Little girls deserve to live in a world where they don’t have to be told, “Pain is beauty.”

Let’s think about what are we telling younger women. Little girls deserve to live in a world where they don’t have to be told, “Pain is beauty” like we were. But rather, “Comfort is confidence.” They deserve products that follow their lead instead of the other way around. I don’t have kids, but I do have nieces, and I have to say my sister’s done a great job with them. I took them school clothes shopping this last year, and one of them was having a hard time finding her size, and said, “I hate that Target doesn’t make clothes for me.” And boy did my heart sink, but I immediately thought, wow, it’s so much better than her saying, “I hate that I don’t fit in Target’s clothes.” Such a simple shift in perspective from her being the problem to them being the problem. And I love that. We have to remember young women are watching us, and how we feel and talk about our bodies is what they’ll mimic. We have the opportunity to stop the cycle. Right here. Right now. With Arm Tights™.

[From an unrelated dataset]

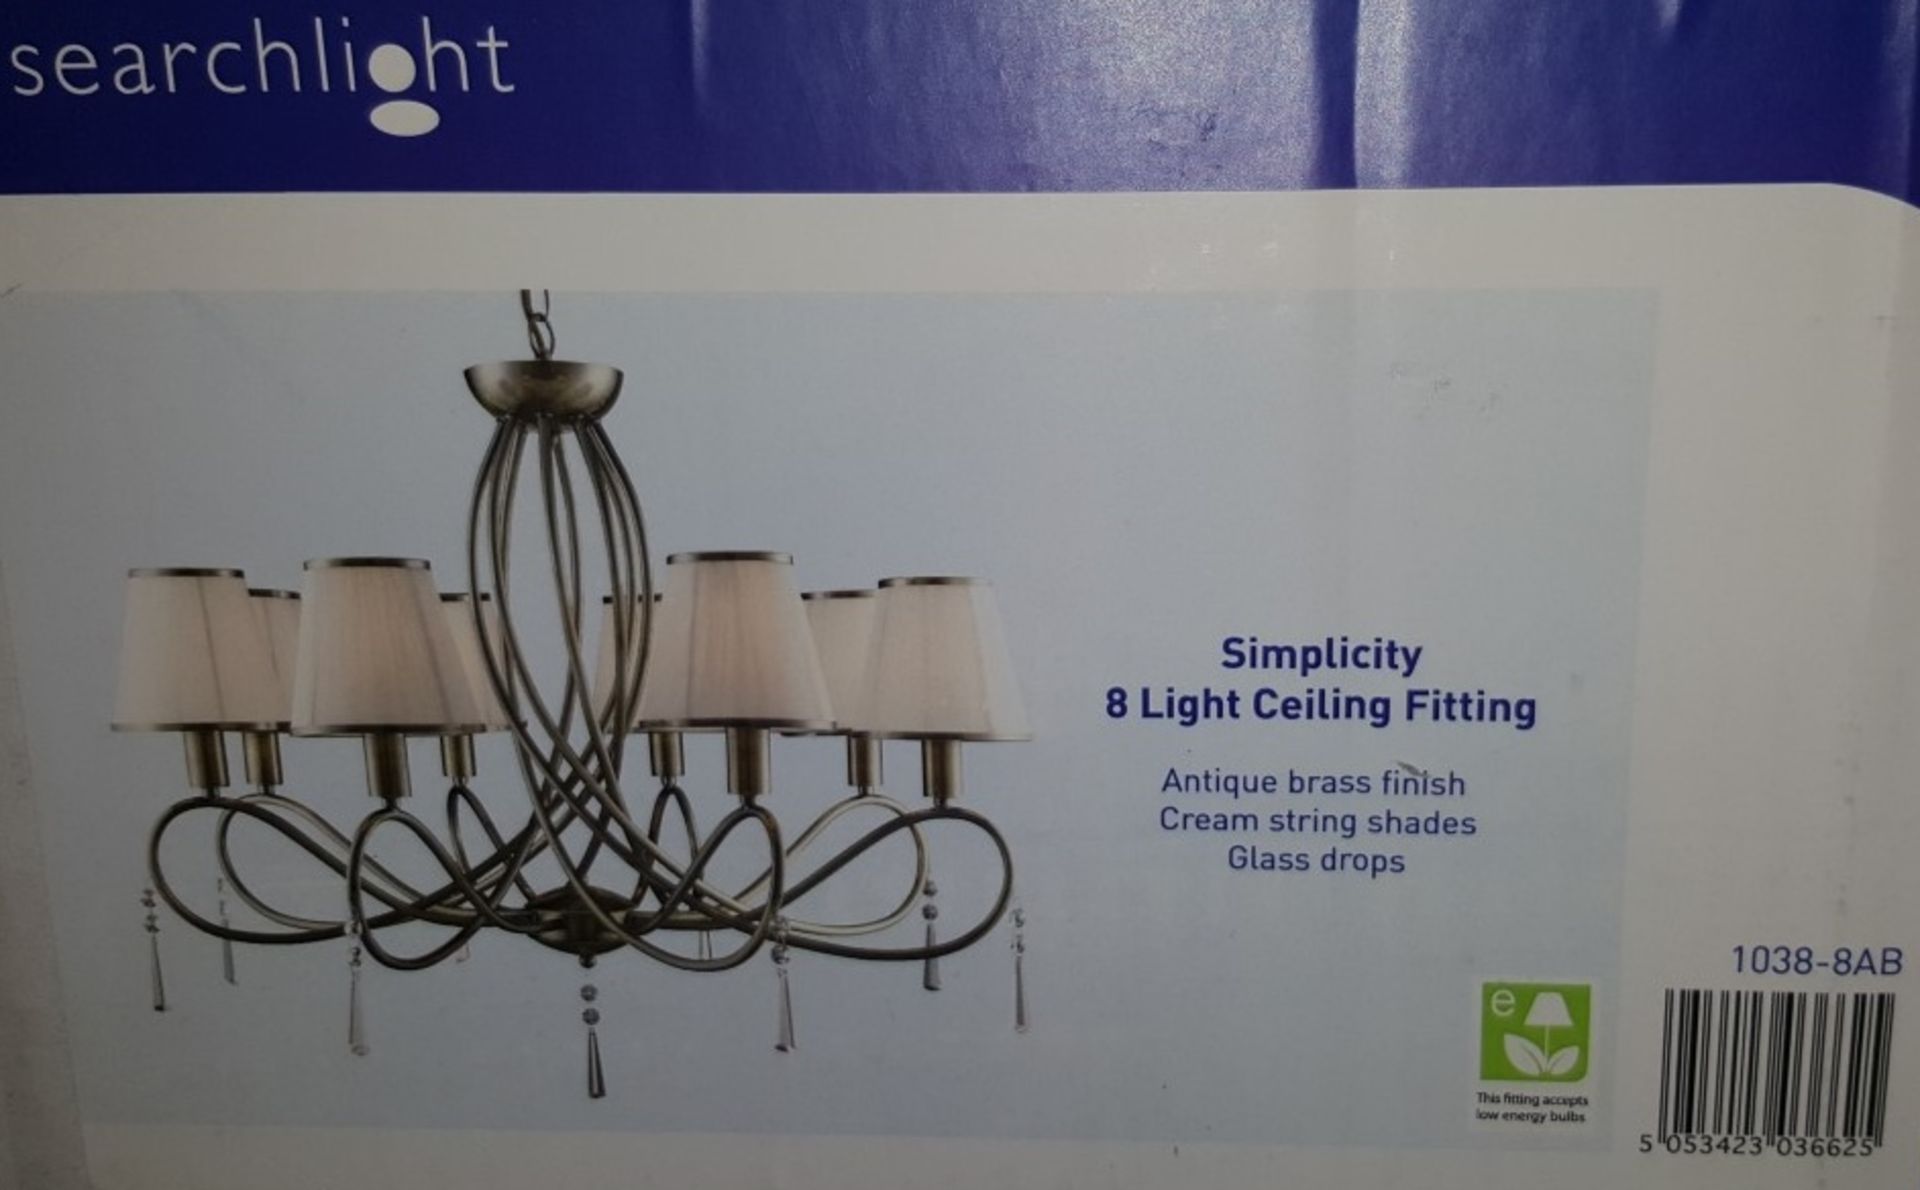 1 x Searchlight Simplicity 8 Light Ceiling Chandelier in Antique Brass - Product Code 1038-8AB - Image 2 of 2

“…to all my fellow inventors, creators, and designers: is what you’re making helping or hurting our progress as women?”

Take a note from my niece, and demand that brands acknowledge your body. It’s not your job to shape yourself into fitting their clothes. I’m just now starting to realize that building my brand is going to be like building a mini resistance, having to disagree with people I admire, to voice what’s right. But we need to demand brands look at real women — and not just at their bodies — but at their well-being. So to all my fellow inventors, creators, and designers: is what you’re making helping or hurting our progress as women? Are you improving their well-being?